Leading the way into the future
From talking to Gates, there’s a clear sense the GRI is contributing to the University of Calgary’s growing reputation at home and abroad as a hub of energy research. Today the number of GRI’s external partners has reached more than 40 and continues to grow. Delegations of foreign academics and government officials frequently visit the campus to meet with GRI researchers and learn more about their projects.
Still, there’s a realization by Gates that more must be done—especially to engage industry more fully in the GRI.
Over the last year and a half Gates and his colleagues have stepped up efforts to meet with industry groups like Petroleum Technology Alliance Canada (PTAC) and Canada’s Oil Sands Innovation Alliance (COSIA) to explore potential collaboration.
“We’ve been carrying out lots of discussion with industry associations and companies to better understand their challenges. We’re learning more about what companies need and how they can deploy our technologies,” Gates says.
This message—and this openness to greater collaboration—is resonating with industry leaders. There’s growing awareness of the university’s research capabilities and a keen interest in developing closer working relationships.
James Dunn of Imperial Oil believes academia and industry can work together to solve environmental challenges. Photo courtesy Imperial.
Last year, for instance, James Dunn, Imperial Oil’s director of sustainable technology integration, helped to organize a visit by GRI students and researchers to Imperial Oil’s Calgary research facility. Here, university staff shared GRI updates and talked science with Imperial’s researchers.

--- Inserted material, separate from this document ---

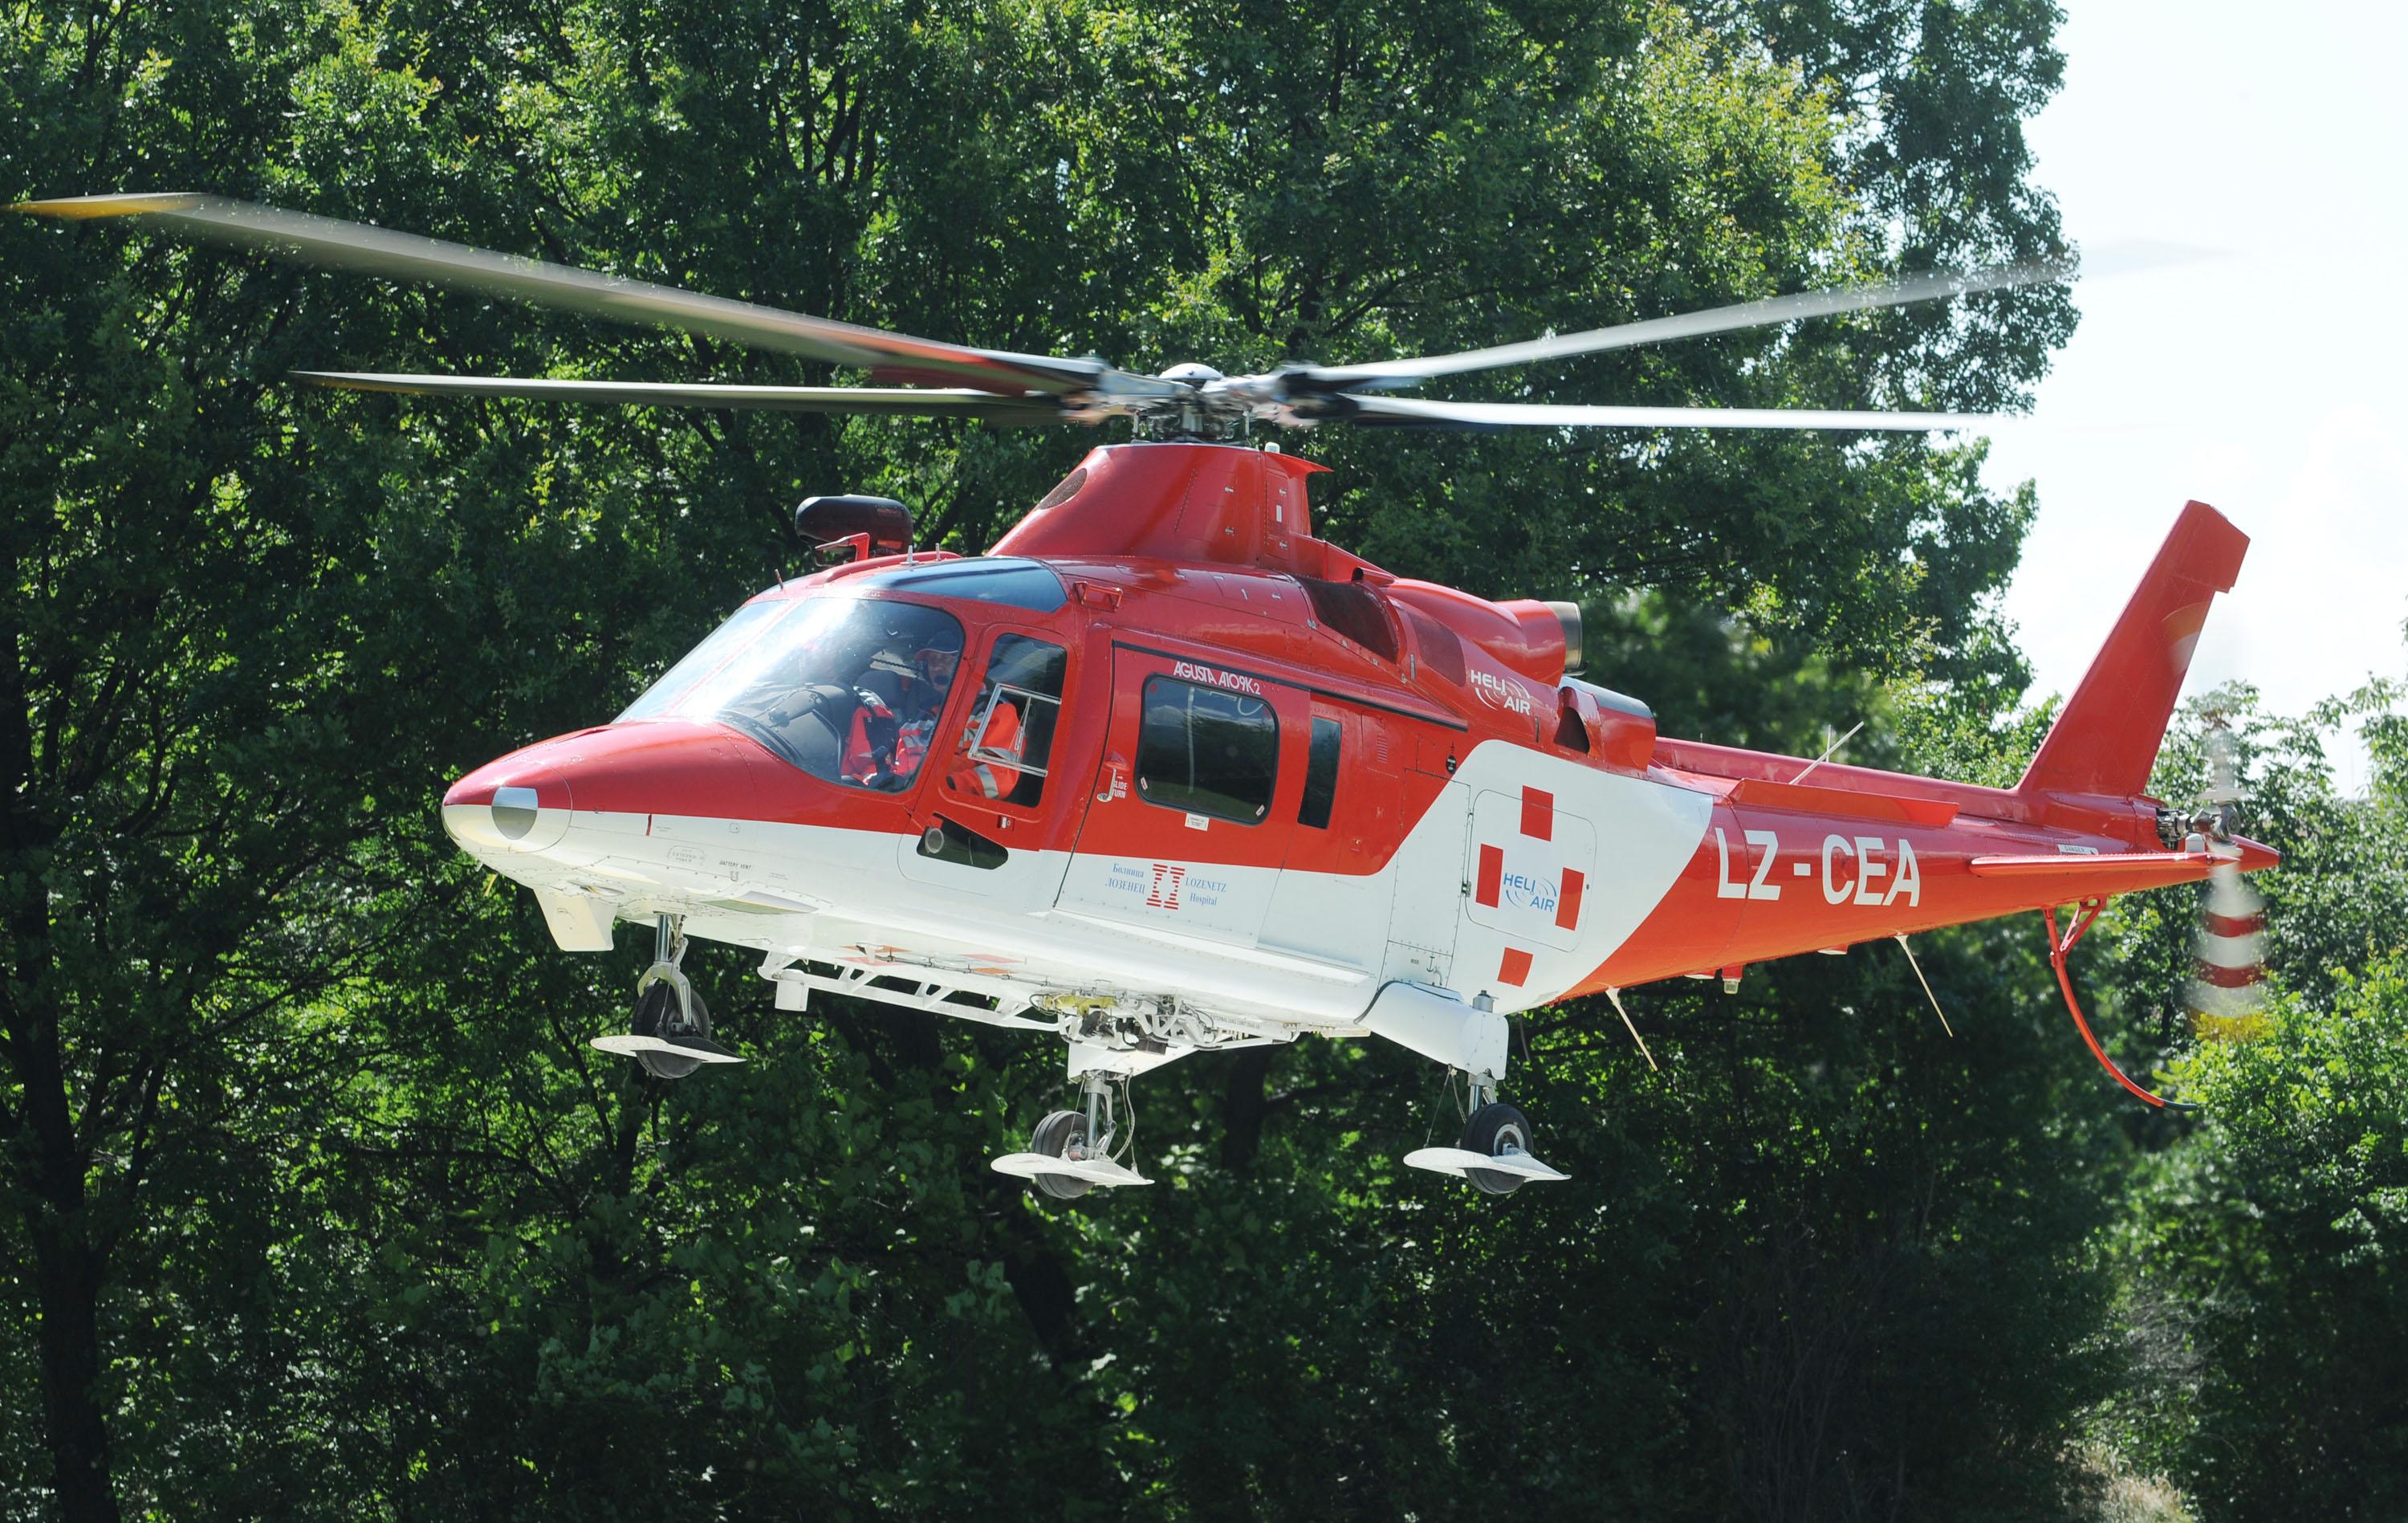 Демонстрация на хеликоптерната спешна помощ на болница ”Лозенец”

“Initiatives like the GRI are extremely important. They augment industry research and offer up the potential for collaboration. We really need to get university innovators involved in tackling industry problems at the early conceptual stages,” says Dunn, who is also chair of the technology enablement committee for the Clean Resource Innovation Network (CRIN), an industry-led network focused on accelerating technology development across the oil and natural gas sector.
Over at COSIA, the industry alliance has also been taking steps to build closer ties. It’s assigned a senior technical advisor to meet regularly with GRI organizers. It’s also actively supporting Gates in his plans to organize an industry advisory committee, involving COSIA, companies and other agencies, to provide feedback on GRI projects. This committee is expected to begin meeting in the fall of 2020.

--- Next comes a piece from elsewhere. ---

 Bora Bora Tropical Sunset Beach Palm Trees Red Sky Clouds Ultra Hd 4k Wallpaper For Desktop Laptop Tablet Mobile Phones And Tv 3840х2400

Matt McCulloch of COSIA, an oil sands industry alliance focused on collaborative solutions to environmental challenges credits the GRI with aligning academic research with real-world needs. Photo courtesy COSIA.

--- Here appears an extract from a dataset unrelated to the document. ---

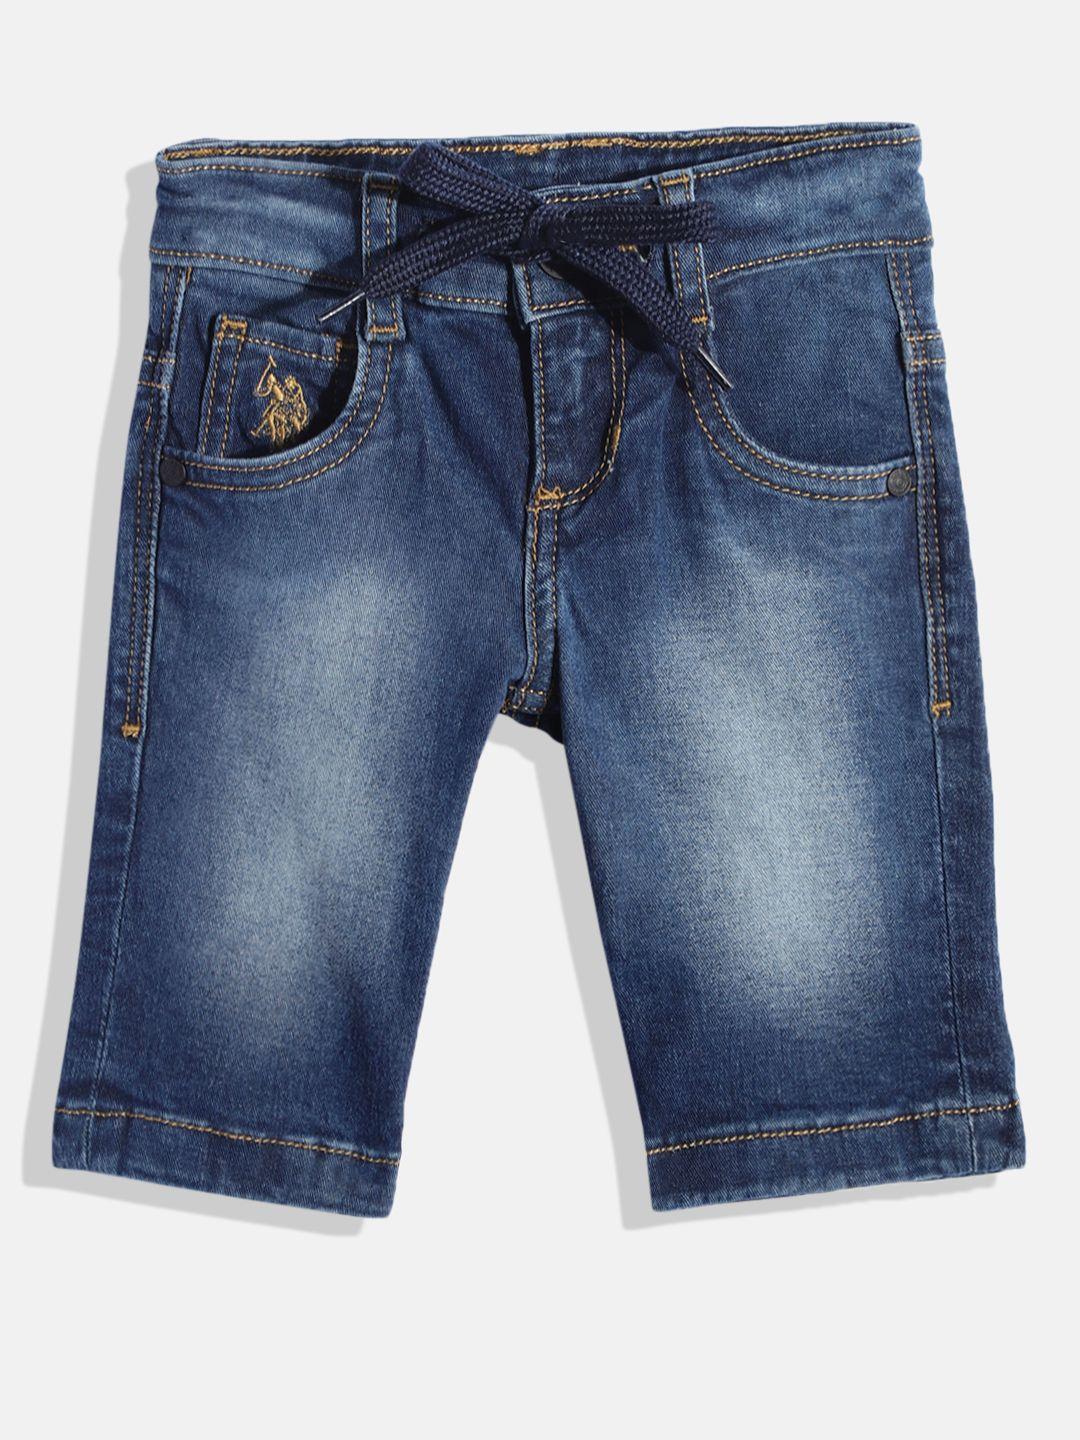 u.s.polo assn. kids boys blue washed denim shorts

“University collaboration with industry has been going on for a long time. But what’s particularly important about the GRI is that it is enhancing structured collaboration. It’s aligning the work researchers do with industry priorities,” says Matt McCulloch, COSIA’s director of its GHG environmental priority area.
This growing recognition of the GRI’s importance is welcome news to Gates.
“At the end of the day, we want to have impact—not just in writing papers and producing well-trained students, but in getting industry to pick up our technology development to create lower carbon energy,” Gates says.
To that end, the GRI is certainly well on its way. As this major undertaking evolves to create relevant research and real-world industry solutions, this university is strengthening the impact its researchers will have on our energy future.